Nothing special in my prodigy.json, and we are currently using the spans.manual recipe.
By the way, our colleague says that the issue disappeared today as he saved the assigned annotation tasks less frequently than before. According to him, he immediately saved a task on completion. Now he saved a bunch of tasks, then the repeating issue has gone.

jdddog · October 6, 2021, 6:25am

I'm having the same issue with version 1.11.4.

I'm using the blocks interface, named multi-user sessions, feed_overlap=True in the recipe and prodigy.json is empty.

webersni · October 8, 2021, 7:09am

Hi!

I'm having this issue, too.

Version 1.11.4, textcat.manual exclusive, txt file as input

Would be great to have a fix for that

ines · October 8, 2021, 9:37am

I think we might have found a problem that could be related and will have a fix for this soon!

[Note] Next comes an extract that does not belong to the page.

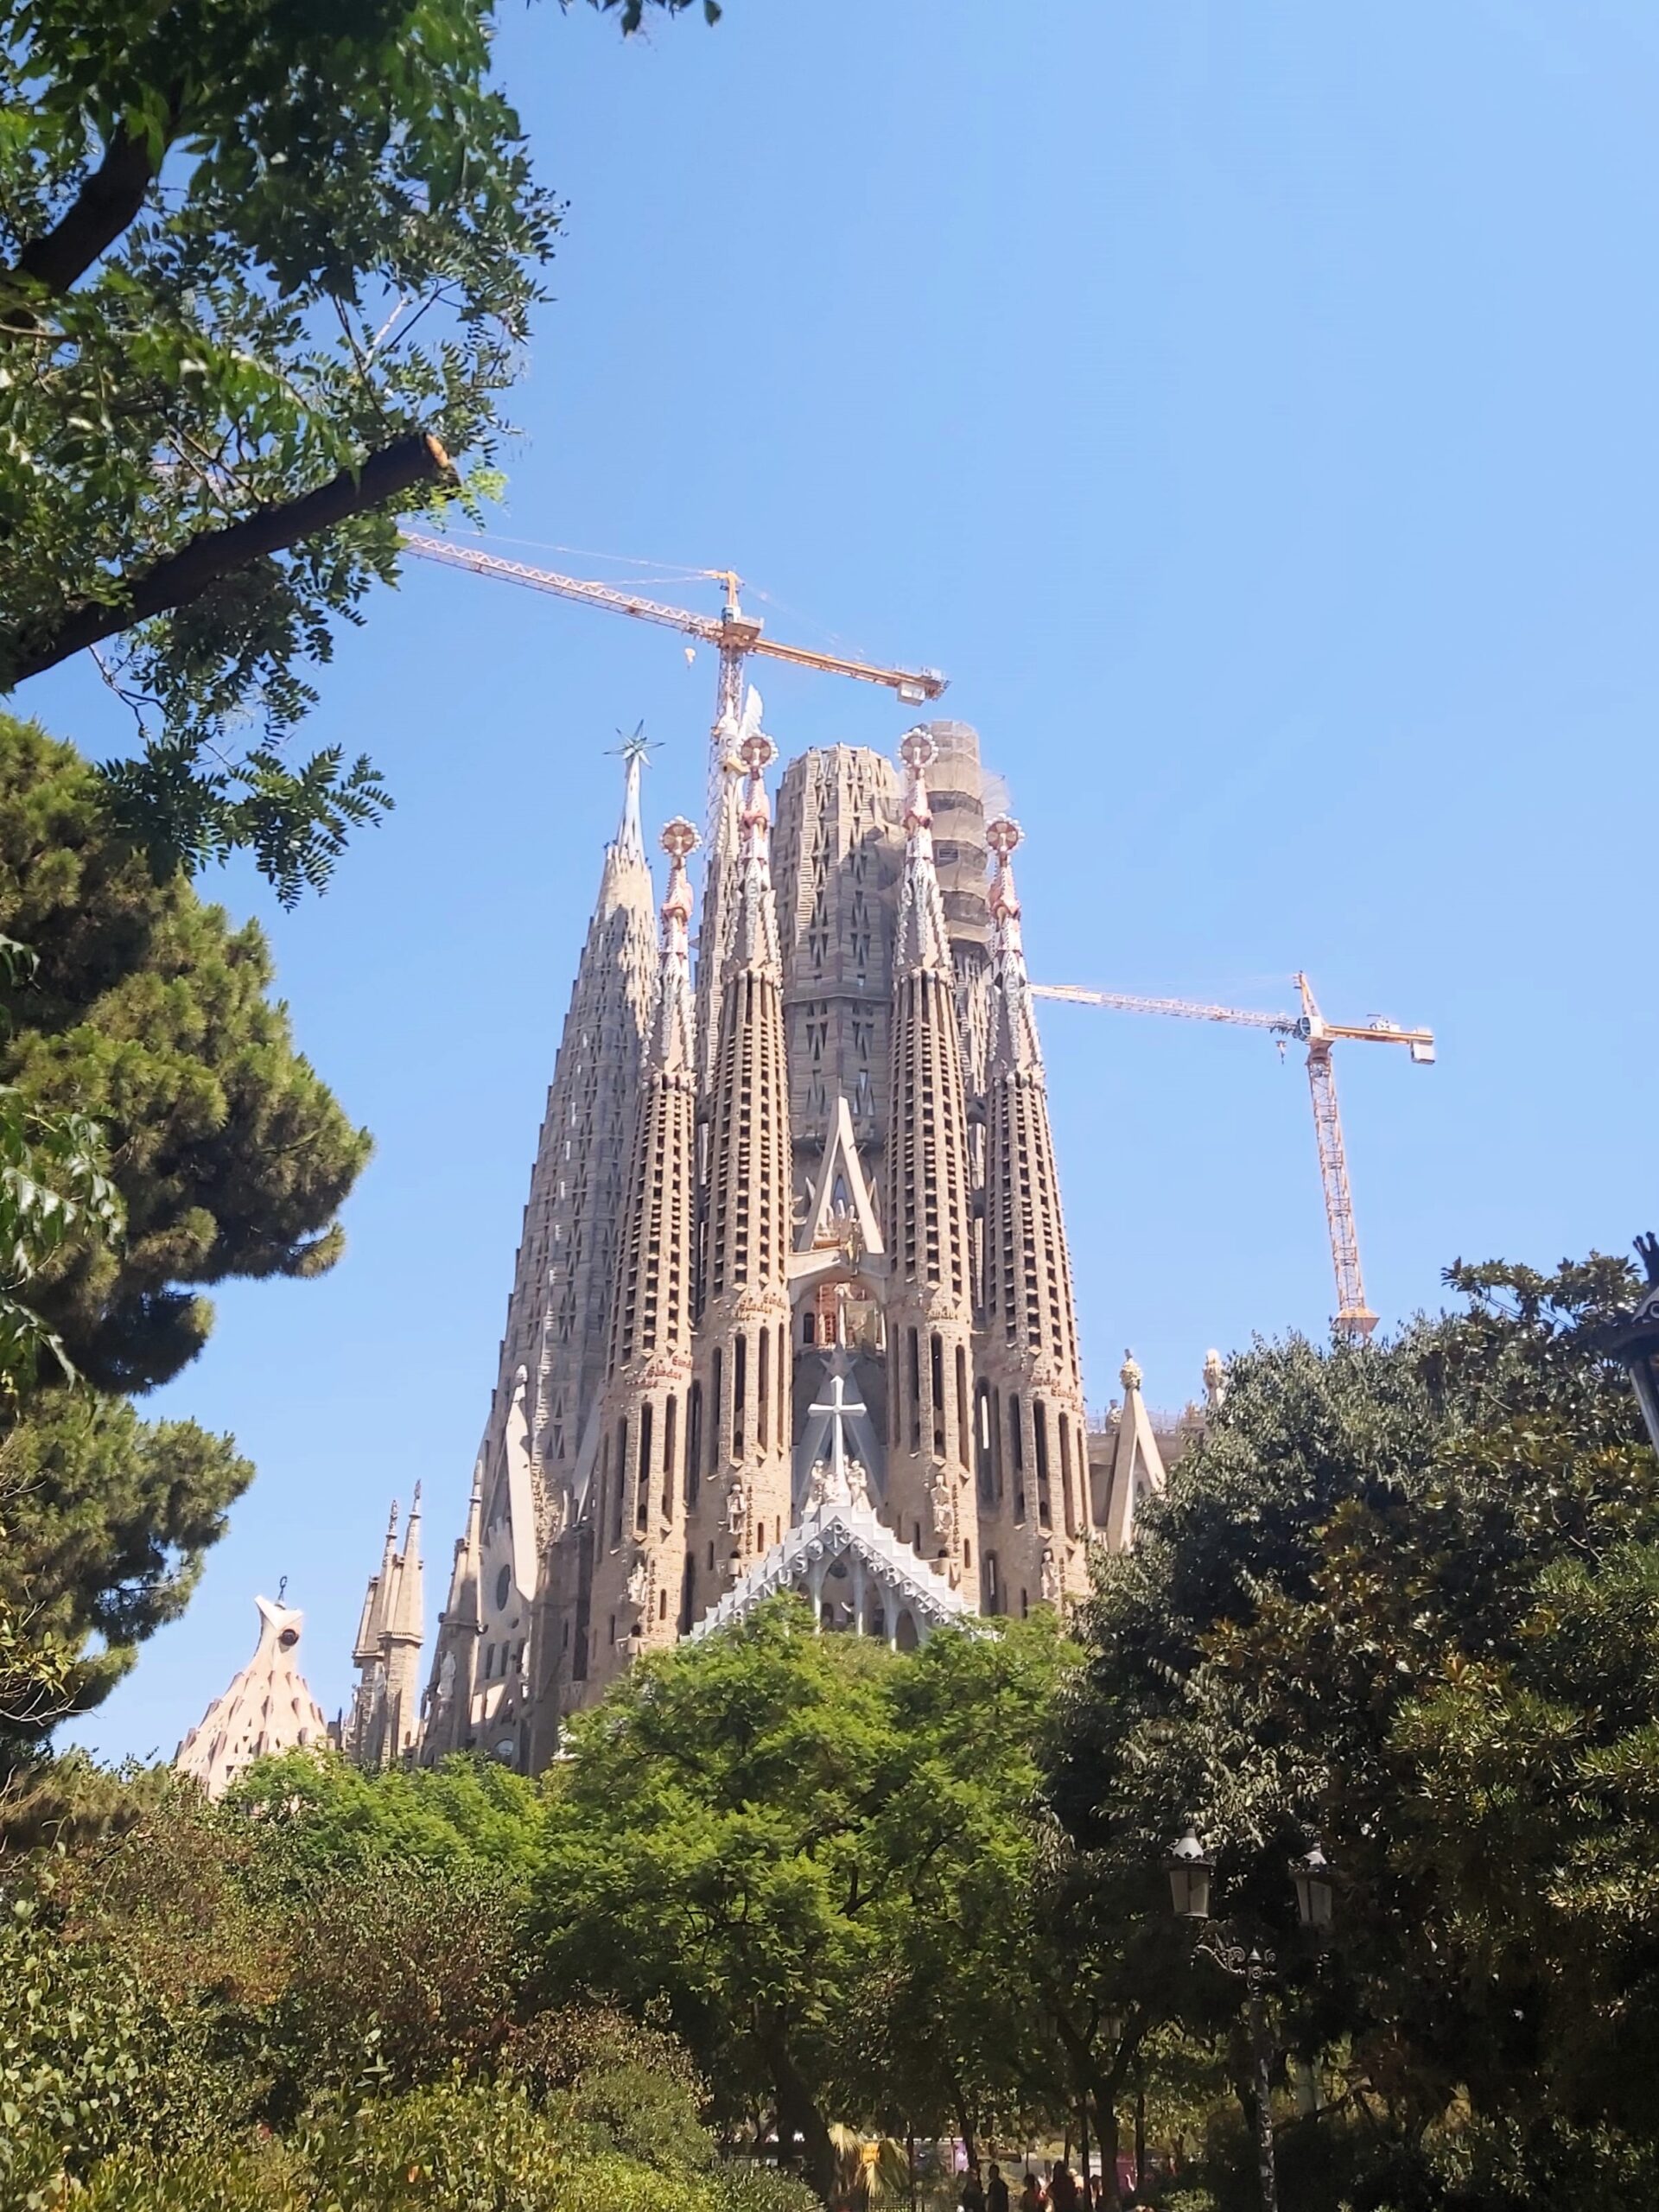 Sagrada Familia and cranes towering above the trees in Barcelona, Spain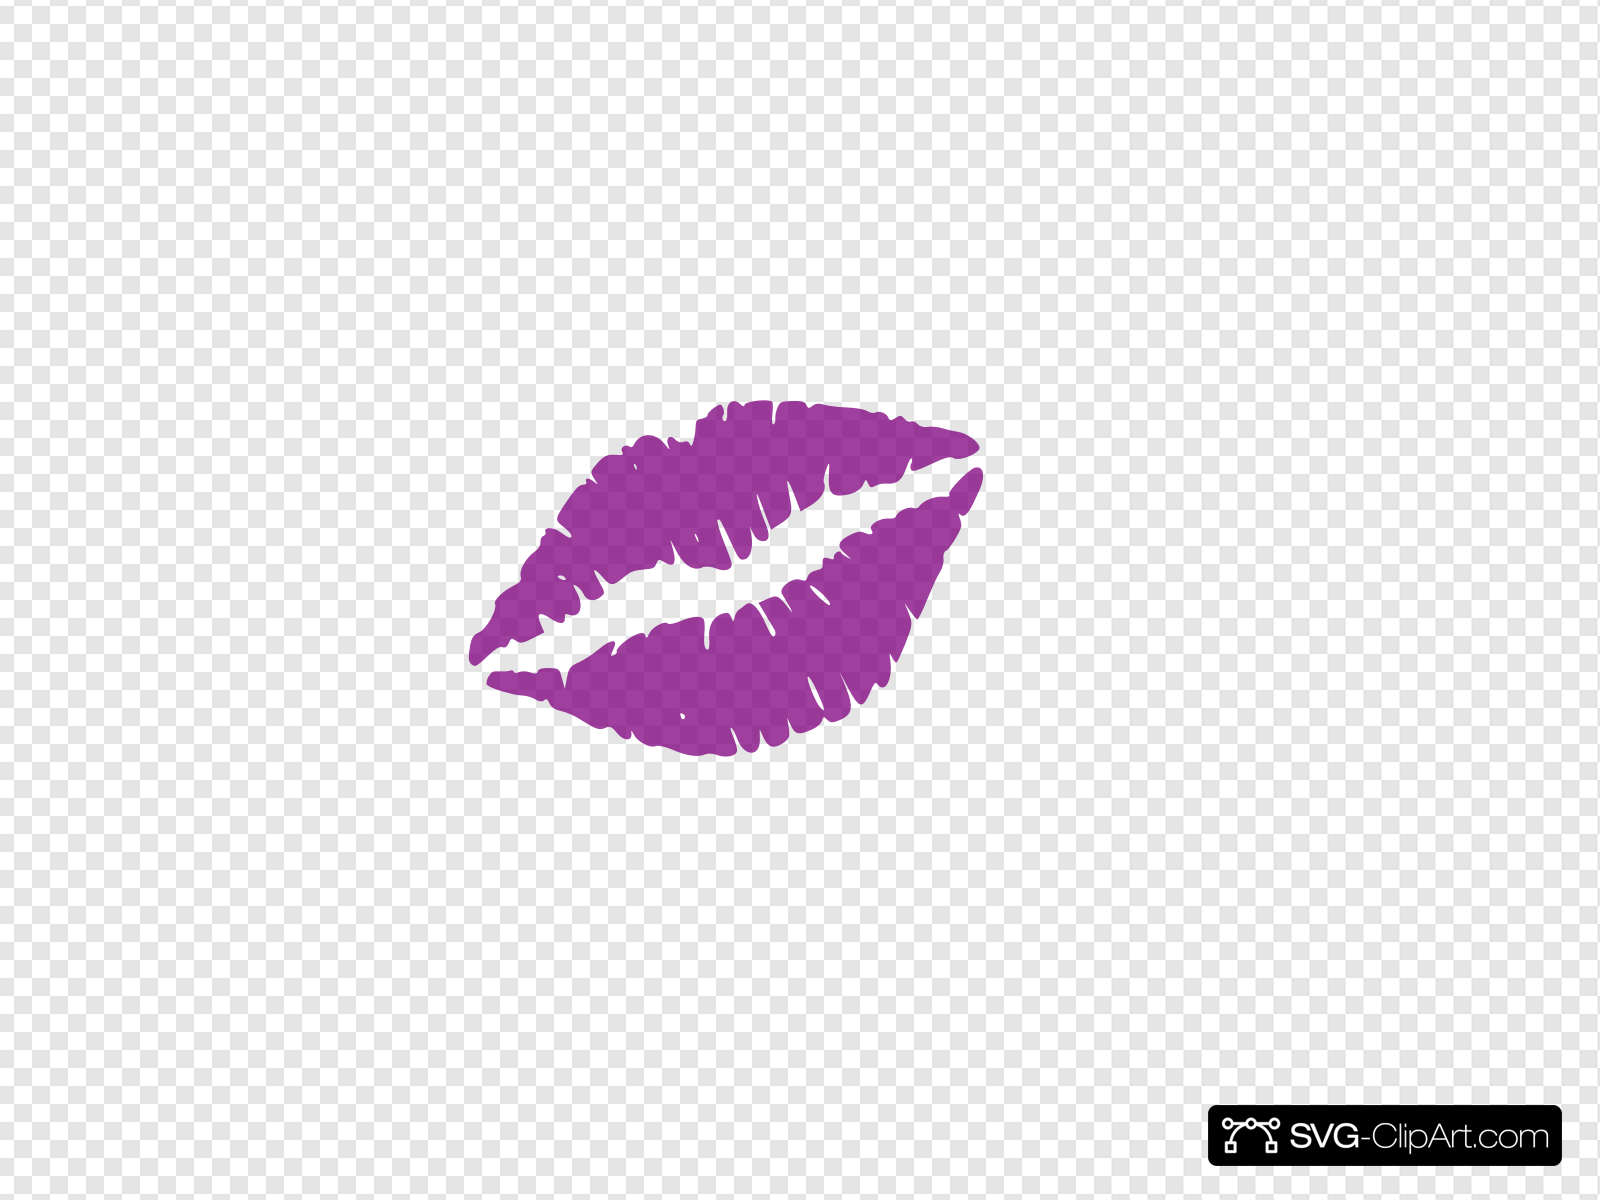 Lips Vector Clip art, Icon and SVG.

ines · October 14, 2021, 11:40am

Just released v1.11.5! Could you re-run your process with the new version and see if it resolves the problem?

valentinoli · December 6, 2021, 8:45am

We were using v1.11.4 and ran into the same problem, scratching our heads a lot. Until seeing this thread (and seeing the issue had been fixed in v1.11.5 in the changelog). So we upgraded Prodigy (to v1.11.6) and the problem has not come up again.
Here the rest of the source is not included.